The Daily Telegraph

RBS making a £160m provision for bad Brexit

- By and

Lucy Burton Latoya Harding

ROYAL Bank of Scotland has set aside £160m to cushion a potential hit from Brexit amid fears of an economic downturn.

Chief executive Ross Mcewan said that there was “a lot more uncertaint­y in the marketplac­e at the moment and that’s what this is reflecting”. State-backed RBS is the first major bank to take such a charge.

The provision is linked to the potential risk of an increase in bad loans in the event of zero or negative economic growth. Mr Mcewan had warned that a “bad Brexit” could stunt growth, knock the bank’s share price and tip the UK into recession. He said the bank was being careful about which areas of the economy it lends to.

However, yesterday he said he had noticed a more “optimistic tone” coming from Theresa May, the Prime Minister, after speaking to her about the Brexit negotiatio­ns last week. RBS shares fell 4.1pc to close at 224.9p yesterday.
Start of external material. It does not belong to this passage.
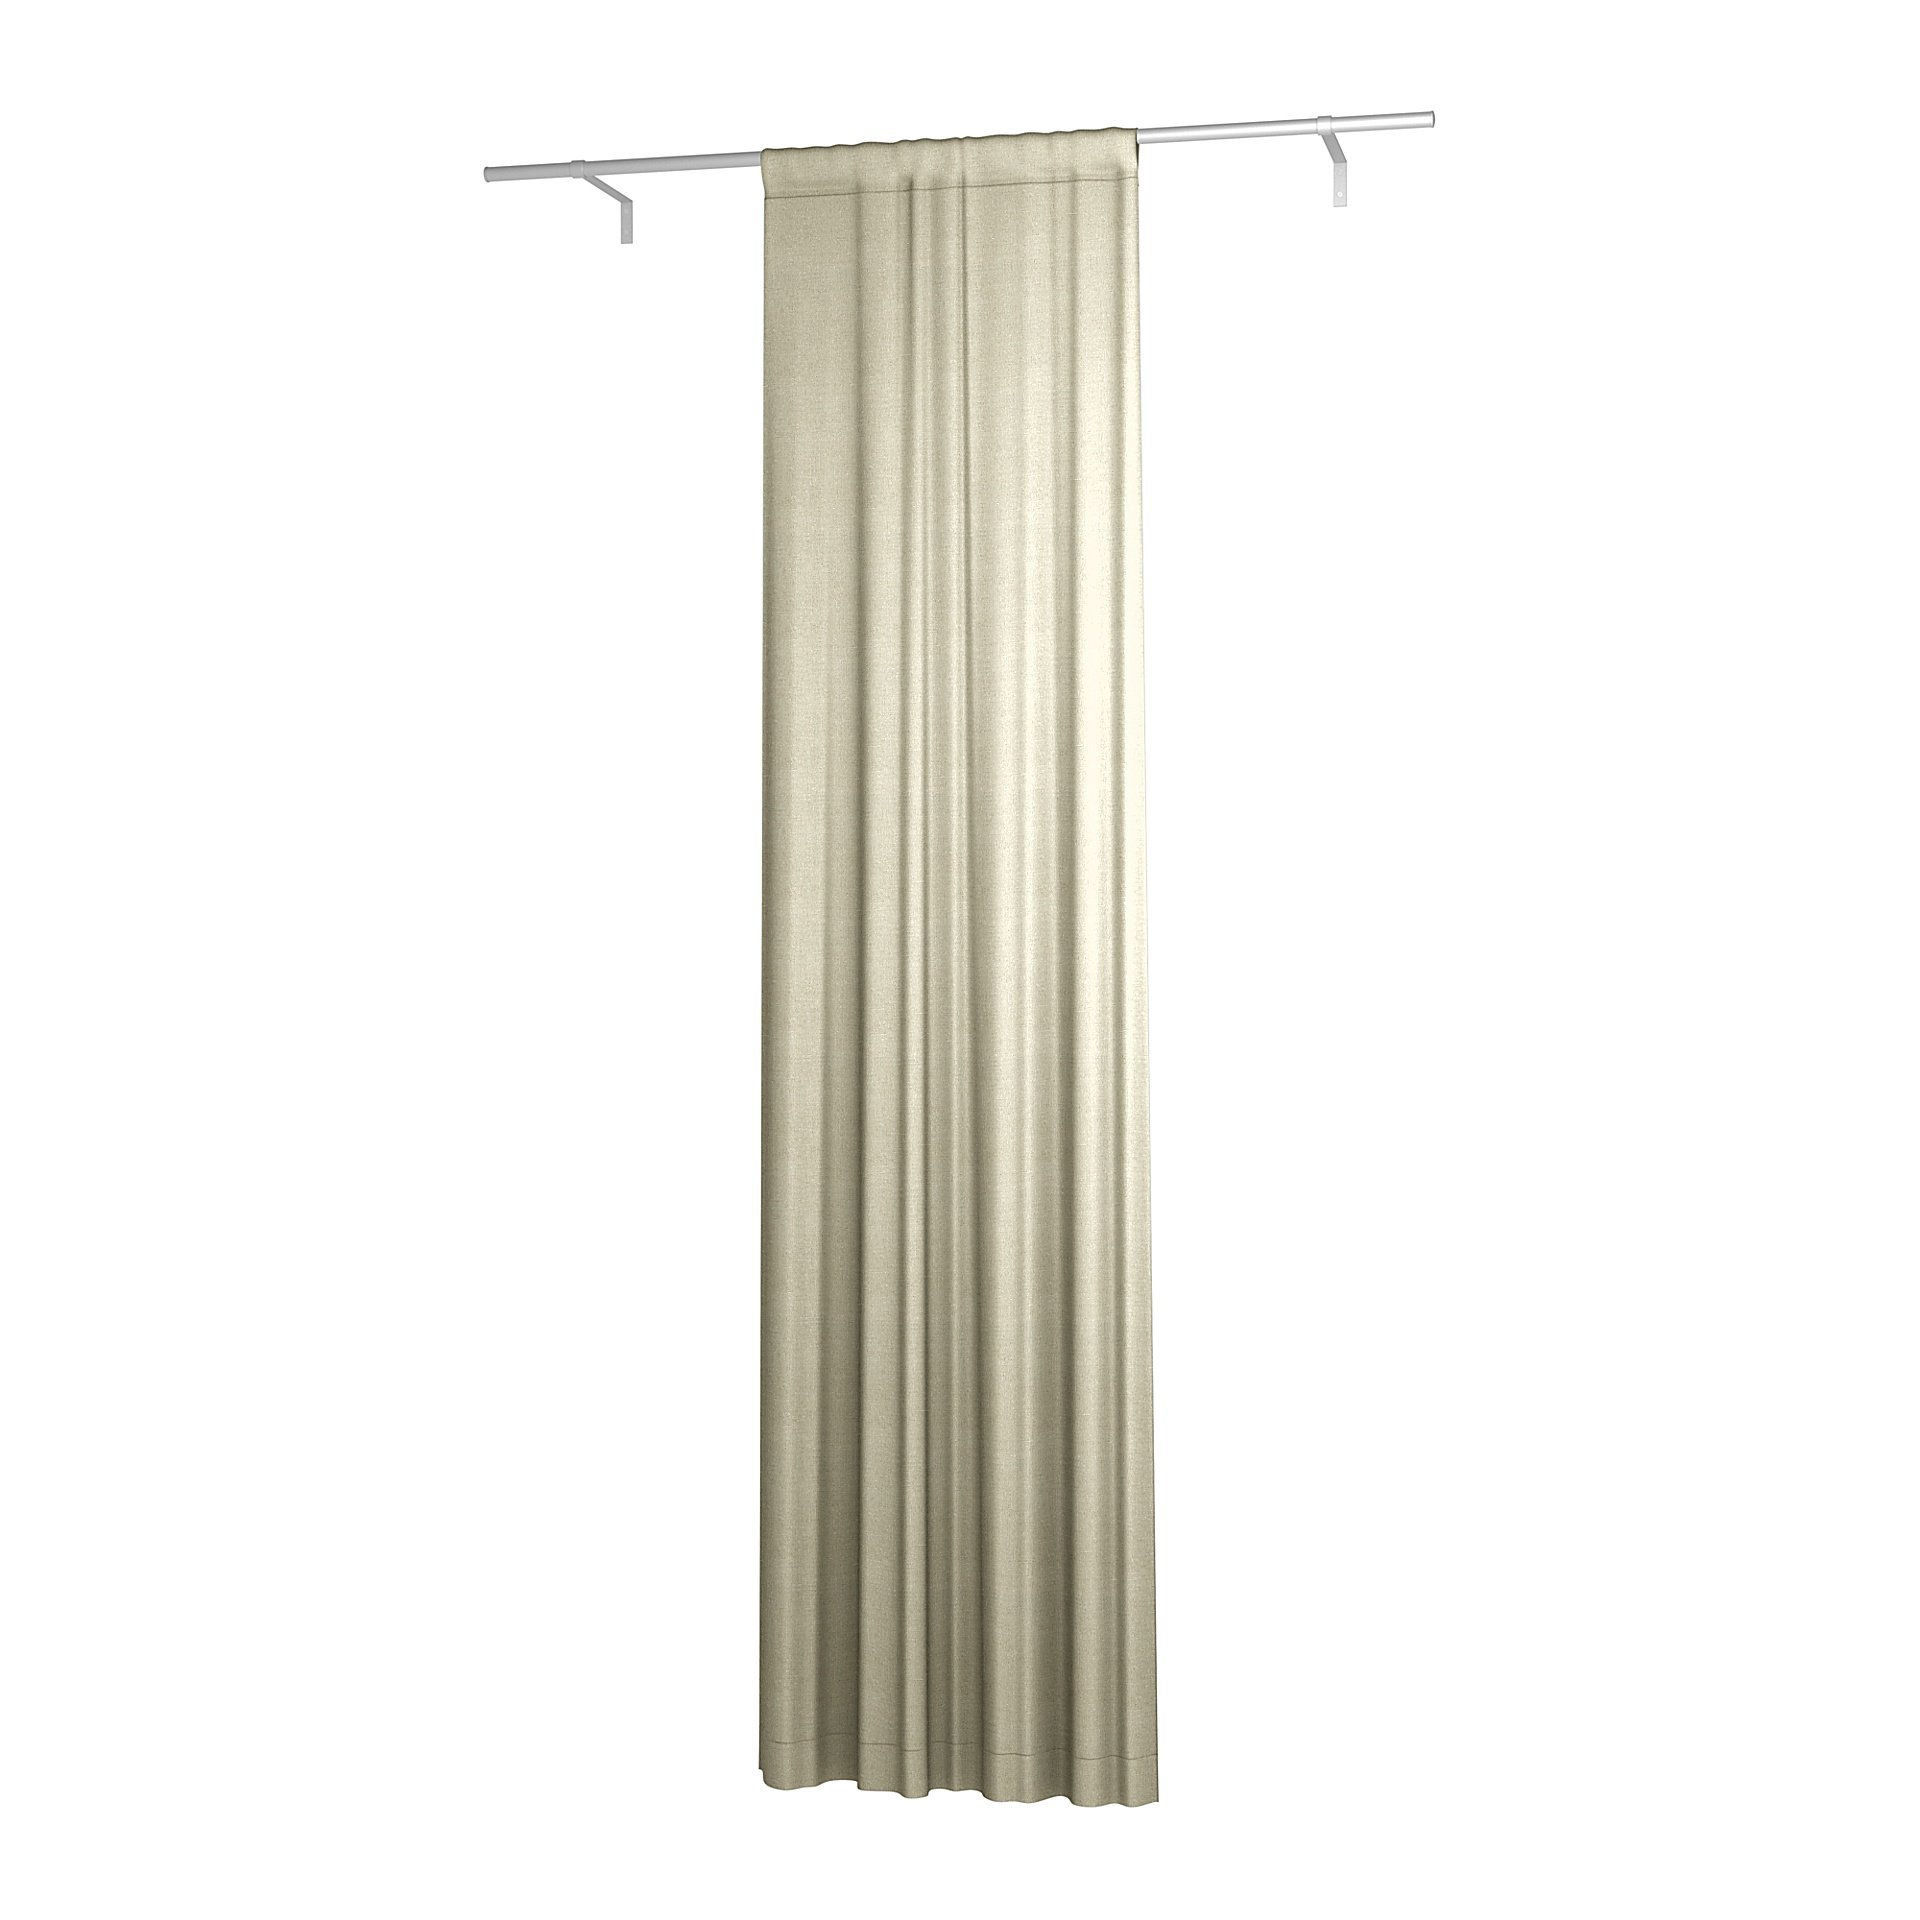 Single Width Curtain Panel with Tunnel/Creaseband, Lined, 300 cm, Pebble, Linen - Bemz
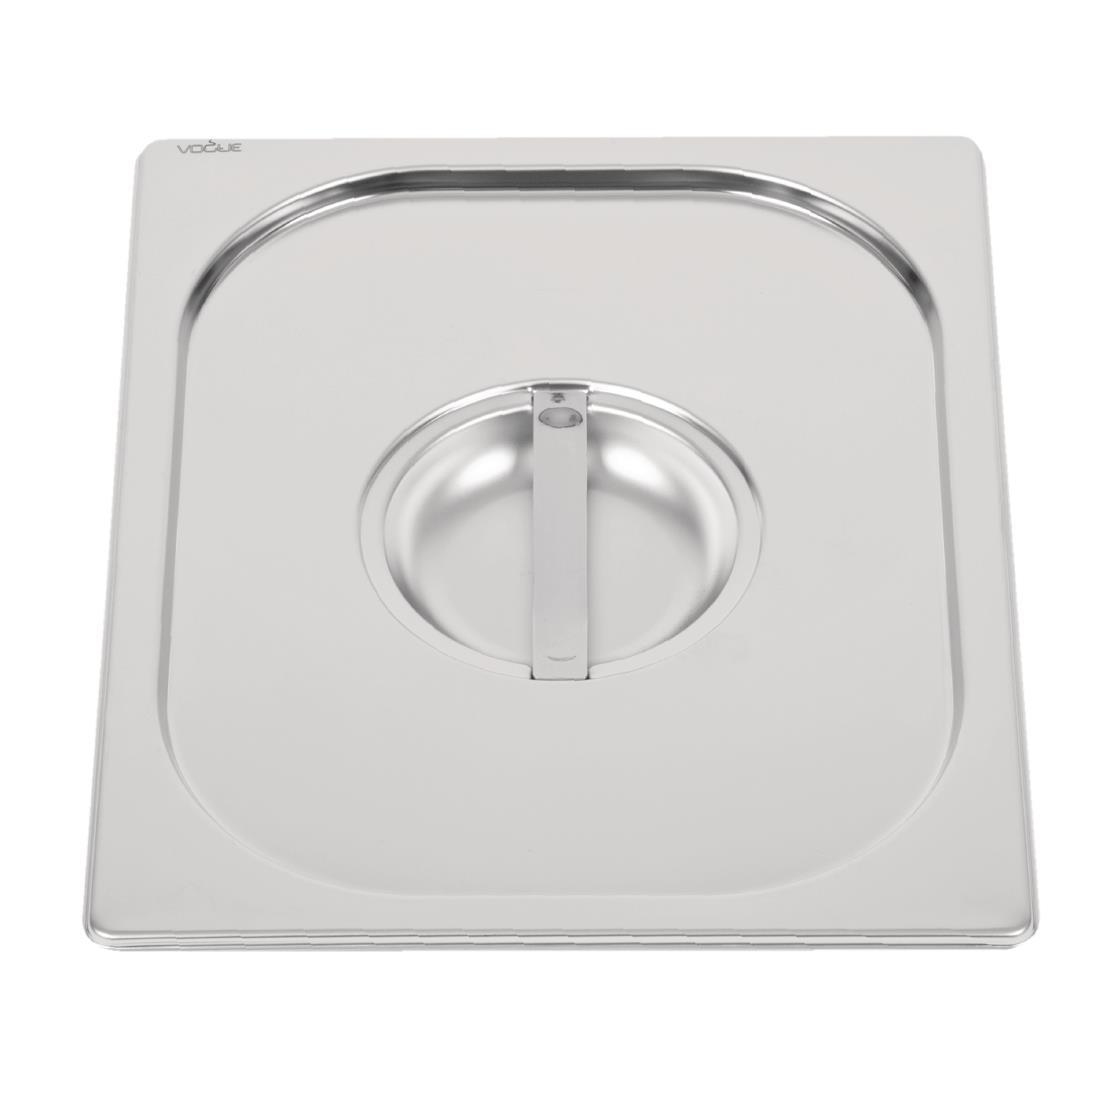 Vogue Heavy Duty Stainless Steel 1/2 Gastronorm Pan Lid - DW456  - 2

Laith Khalaf, of Hargreaves Lansdown, said RBS’S Brexit buffer “serves as a reminder that the bank’s fortunes are very heavily influenced by the domestic economy, and by extension, so is its share price”.

Jefferies analysts said the decision was “not explained well” and “at odds with the actions of other banks operating in the same market”.

Around £60m of the provision will cover bad loans in RBS’S Irish business.